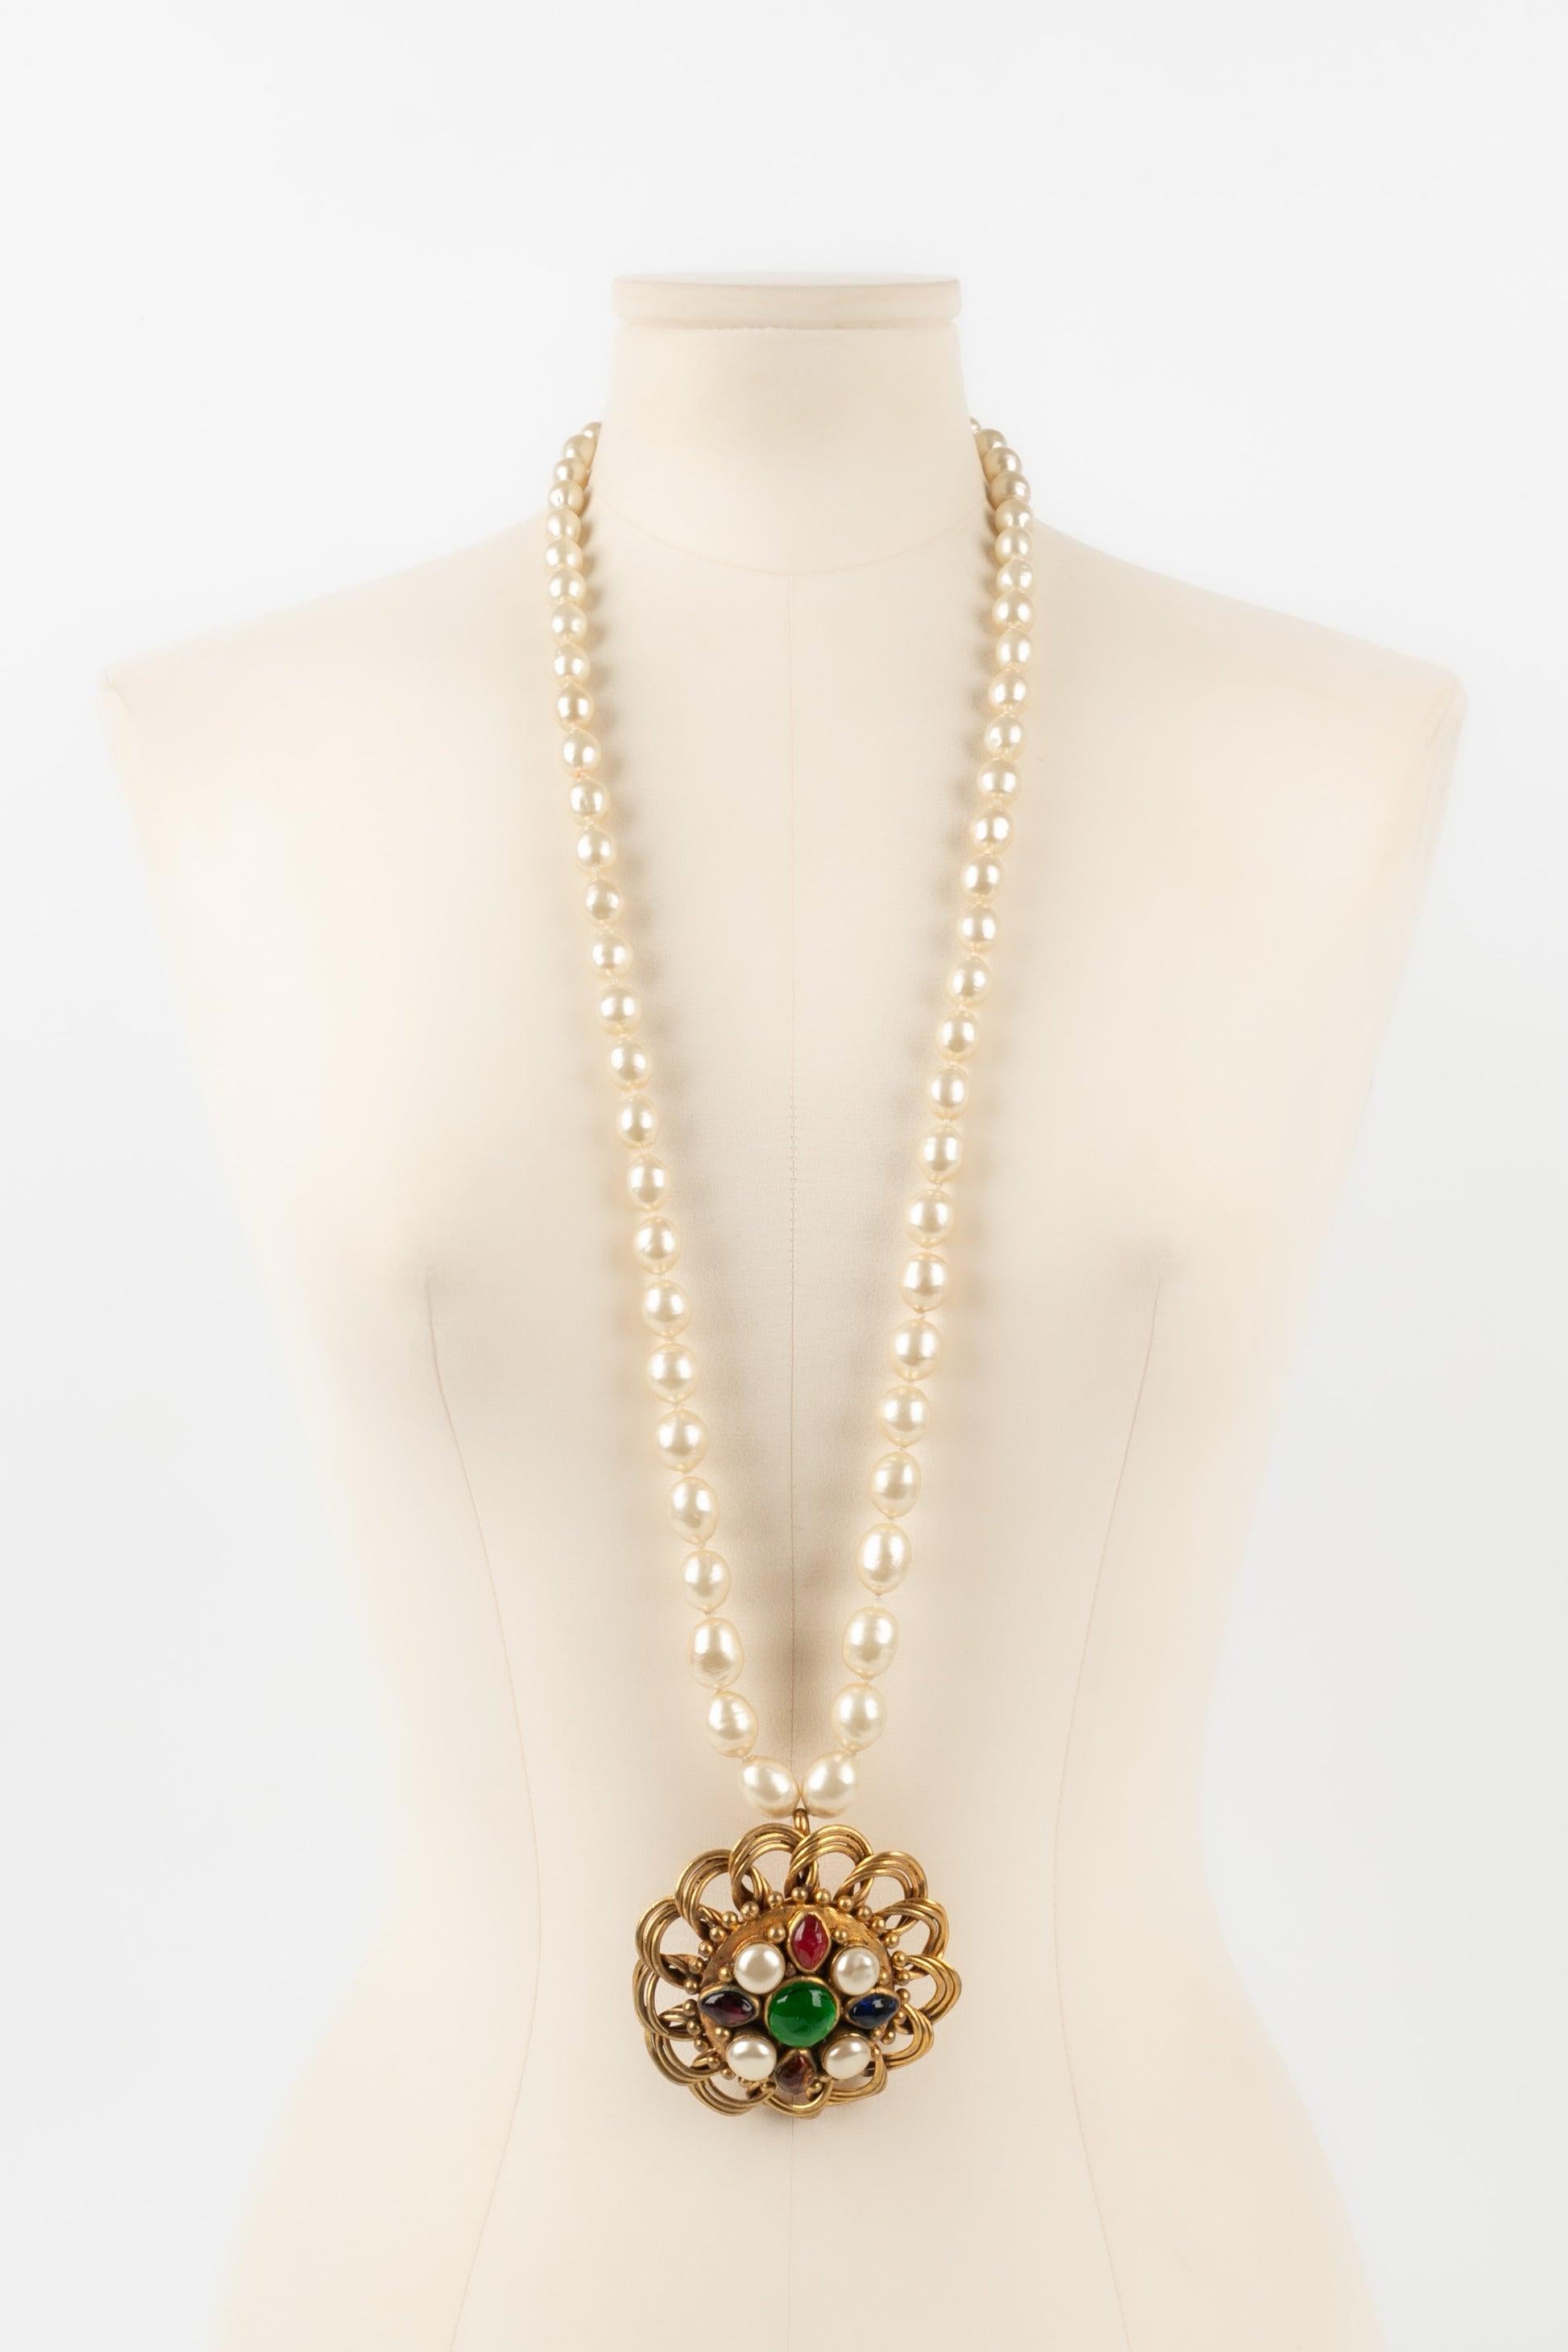 Chanel - (Made in France) Collier de perles fantaisie avec un pendentif en métal doré orné de cabochons en pâte de verre. Collectional 1984.

Informations complémentaires :
Condit : Bon état
Dimensions : Longueur du collier : 93 cm - Diamètre du
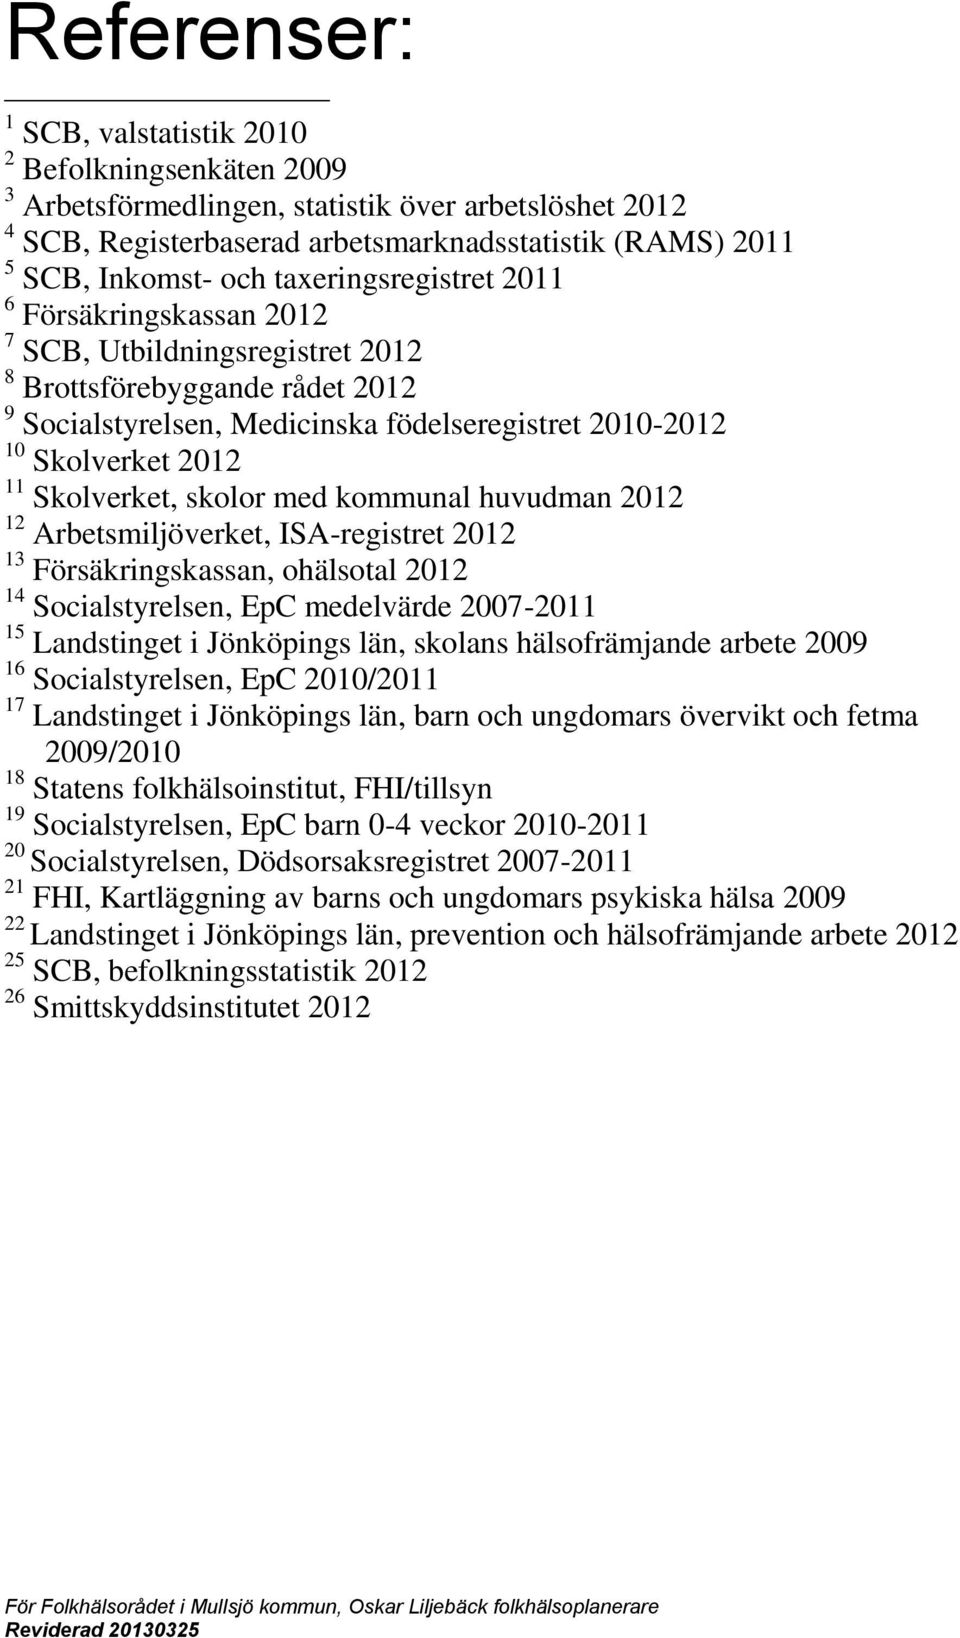 Skolverket, skolor med kommunal huvudman 2012 12 Arbetsmiljöverket, ISA-registret 2012 13 Försäkringskassan, ohälsotal 2012 14 Socialstyrelsen, EpC medelvärde 2007-2011 15 Landstinget i Jönköpings

=======

Without the pictures, write out every entry exactly as it appears.

__RESPONSE BOX__
 Chanel - (Made in France) Collier de perles fantaisie avec un pendentif en métal doré orné de cabochons en pâte de verre. Collectional 1984.

Informations complémentaires :
Condit : Bon état
Dimensions : Longueur du collier : 93 cm - Diamètre du
 Skolverket, skolor med kommunal huvudman 2012 12 Arbetsmiljöverket, ISA-registret 2012 13 Försäkringskassan, ohälsotal 2012 14 Socialstyrelsen, EpC medelvärde 2007-2011 15 Landstinget i Jönköpings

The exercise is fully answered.